Actualizar la estructura
Benedicto XVI, siendo profesor de teología, ya advirtió a finales de la
década de los 60 que nos encaminábamos a una Iglesia pequeña, sin
privilegios, sin relevancia, donde muchas comunidades no tendrían ni
sacerdotes. Da la sensación de que a ninguno de los tres se les ha hecho
caso y, eso que algunas intuiciones del profesor Ratzinger ya son
realidades.
La sinodalidad no está hecha ya. Francisco lo sabe y, por eso, nos dice
que esa forma de Iglesia es la que Dios quiere para el tercer milenio. ¡Qué
exagerado, pensarán algunos! No, nada de eso. Porque llevará mucho
tiempo cambiar algunas estructuras, deshacerse de otras que llevan
milenios entre nosotros y, sobre todo, variar la mentalidad que nos lleve, a
todos, a una conversión de la mentalidad –es decir, una conversión
personal– y de la práctica pastoral.
Aunque el concilio Vaticano II no habla de la sinodalidad tal y como la
vemos hoy en su conjunto, todo él está imbuido de esa idea. El documento
que citaba al inicio de este artículo, nos presenta la sinodalidad como
una “dimensión constitutiva de la Iglesia” que nos lanza al reto del
discernimiento como Pueblo de Dios que somos todos, incluidos los
obispos y el papa. Y esto solo puede ser calificado como apasionante.

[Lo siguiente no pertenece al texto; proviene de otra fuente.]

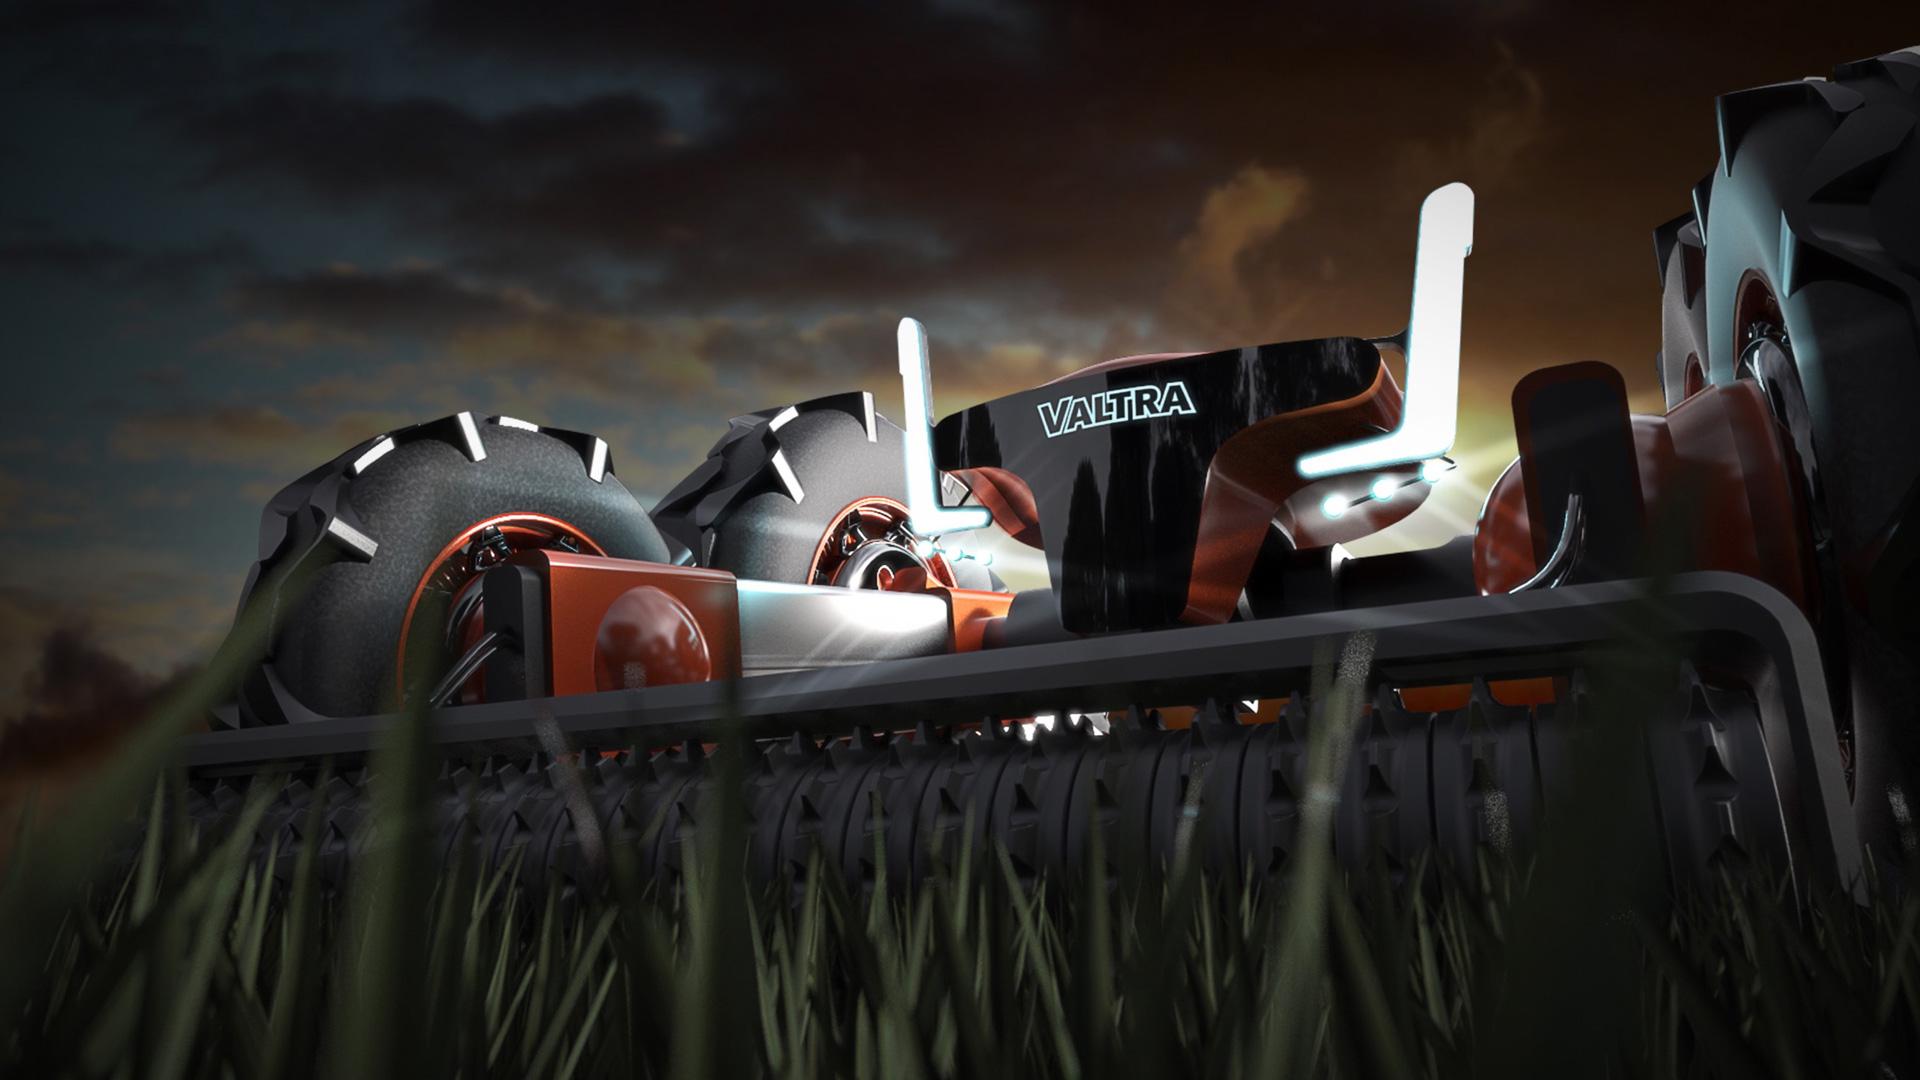 6-LPK_Valtra-FarmHand-2040-Tractor-Concept_Daniel-Yee.mp4.006-1

Para que esto llegue a ser una realidad, tenemos que creer que es posible;
tenemos que creernos sujetos de ese cambio, todos; tenemos que estar
convencidos de que juntos, y con el Espíritu indicando la dirección con
su soplo, podremos hacer realidad la Iglesia sinodal que nunca debió de
perder ese rumbo. Cambiemos la pirámide por un círculo para rediseñar
esa nueva estructura eclesial a la que nos invita Francisco. No porque lo
diga él, sino porque es la Iglesia de la Buena Noticia.